6 years ago I tried this, it was expensive as you can't buy it in the u.k (and it also has to be cleared by customs)or at least it used to be and I also had to pay the post office for that
before I started the guaifenesan, I did 6 months homework on it,you have to avoid anything with salycilates in as it apparently "blocks" the guai from working and also avoid anything that has natural plant in them, practically most toiletries,hairspray,deodrant, things you use everday and take for granted has either salycilates or/and natural things in ,if on the back of your deodorant it says amongst the salycilates(especially benzl salycilate) and/or aloe vera or any natural fragrance you can't use it,even soil from the garden will block it working,toothpaste was hard to get for me,let alone all the ream of toiletries I needed,buying stuff that had none of the above mentioned things were expensive on top of buying the guai from America, after another 3 months of deep research I managed to track things down that I could use(I gave up wearing any make -up), i decided to do the protocol, so i tried it for two years ,reading the backs of any container to make sure i could use it, i tried doing the guai protocol, but after a lot of cost as the guai isn't cheap, i felt no better so for me personally it did not work whatsoever although i stuck to the protocol ridgedly so i stopped it...there is a book called"what your doctor didn't tell you about fibromyalgia" and it haswritten in there all about the guai protocol ,i would recommend reading that before buying guai as it sort of explains things, so it isn't a matter of buying guai and just popping a pill every day and it will make you better....it's a lot more difficult than that ,but if you feel like doing it ,i would research it a lot first ..
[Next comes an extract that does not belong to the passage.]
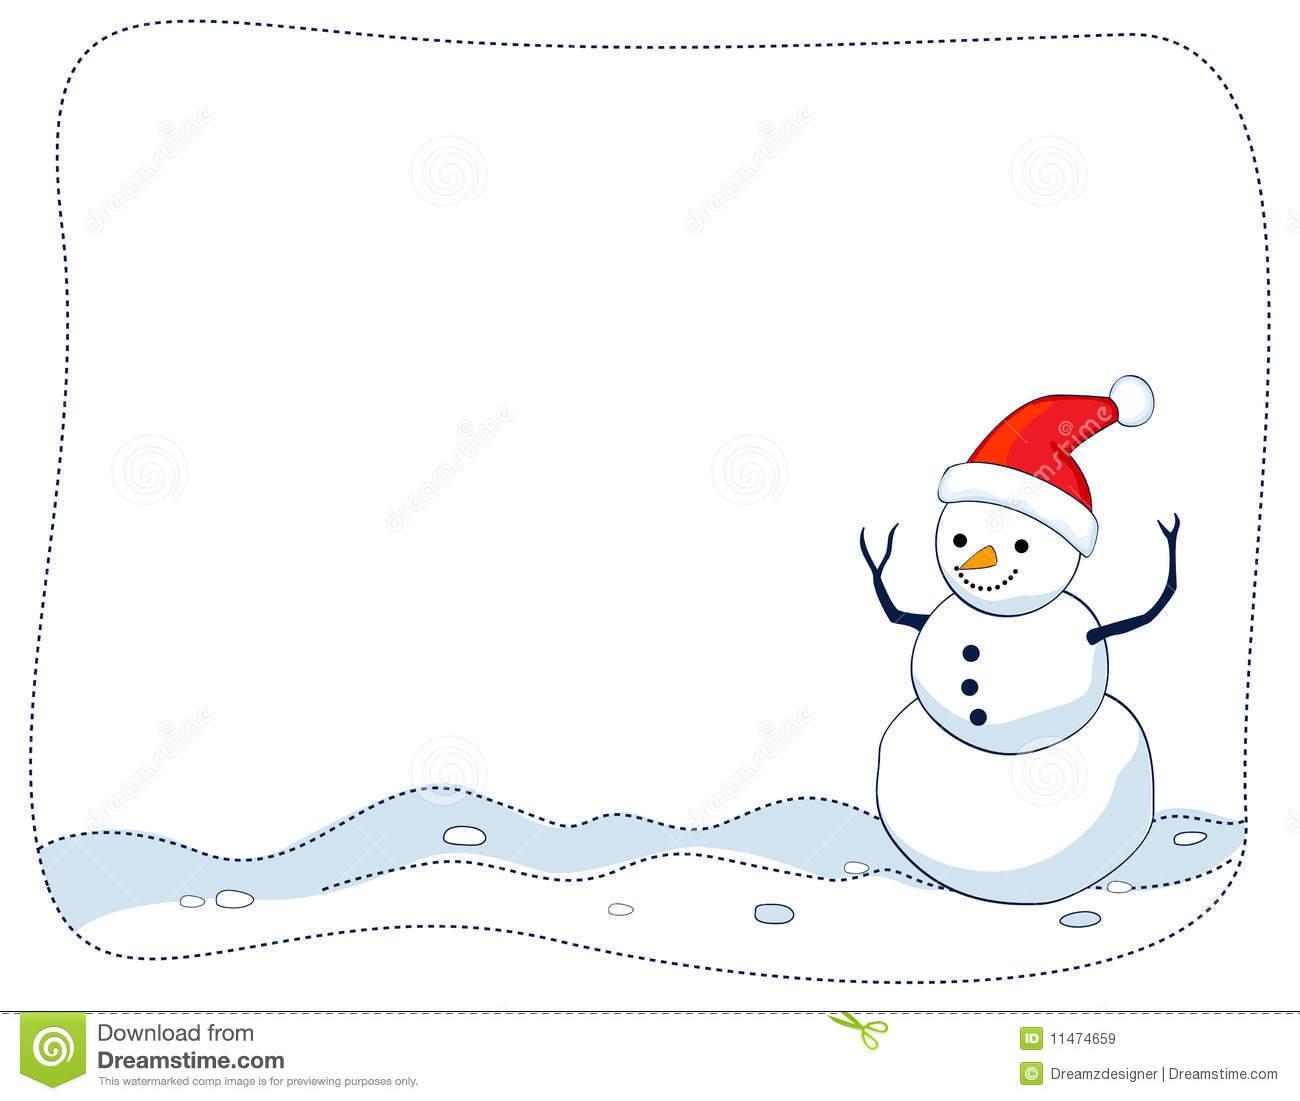 Snowman border / frame stock vector. Illustration of christmastime.

Thanks for that .....I'll do a bit more research....After a recent visit to my Doc's and asking for a test for Candida .... the result has come back 'positive'.and they've phoned me today to start treatment....I've had the symptom's for years, but it was never picked up by my Doc...my dentist told me to get checked as she had noticed 'a white tongue' and cracks in my tongue on the past 4 visits to her and though I was aware of it......yes I was but every time I'd asked the Doc and stuck my tongue out and asked....'should I be worrid about it' the answer came back...'No I don't think so' .....it apparently is a sign of auto immune defeciency...on my next visit to him I'm going to ask him why he never picked up on it and if it has been prsent for some time could it have spread to other parts and be causing my 'fybro' pain and stiff joints...comes to some thing when the patient becaomes the doctor...
A book I found helpful when dealing with systemic Candida myself some years back was 'Candida Albicans' by Leon Chaitow. I was unresponsive to the medications available to my GP (and didn't then know how to access other medications through private GPs, etc) so the tips on diet and supplements in the book (best done alongside effective meds though) were helpful to me.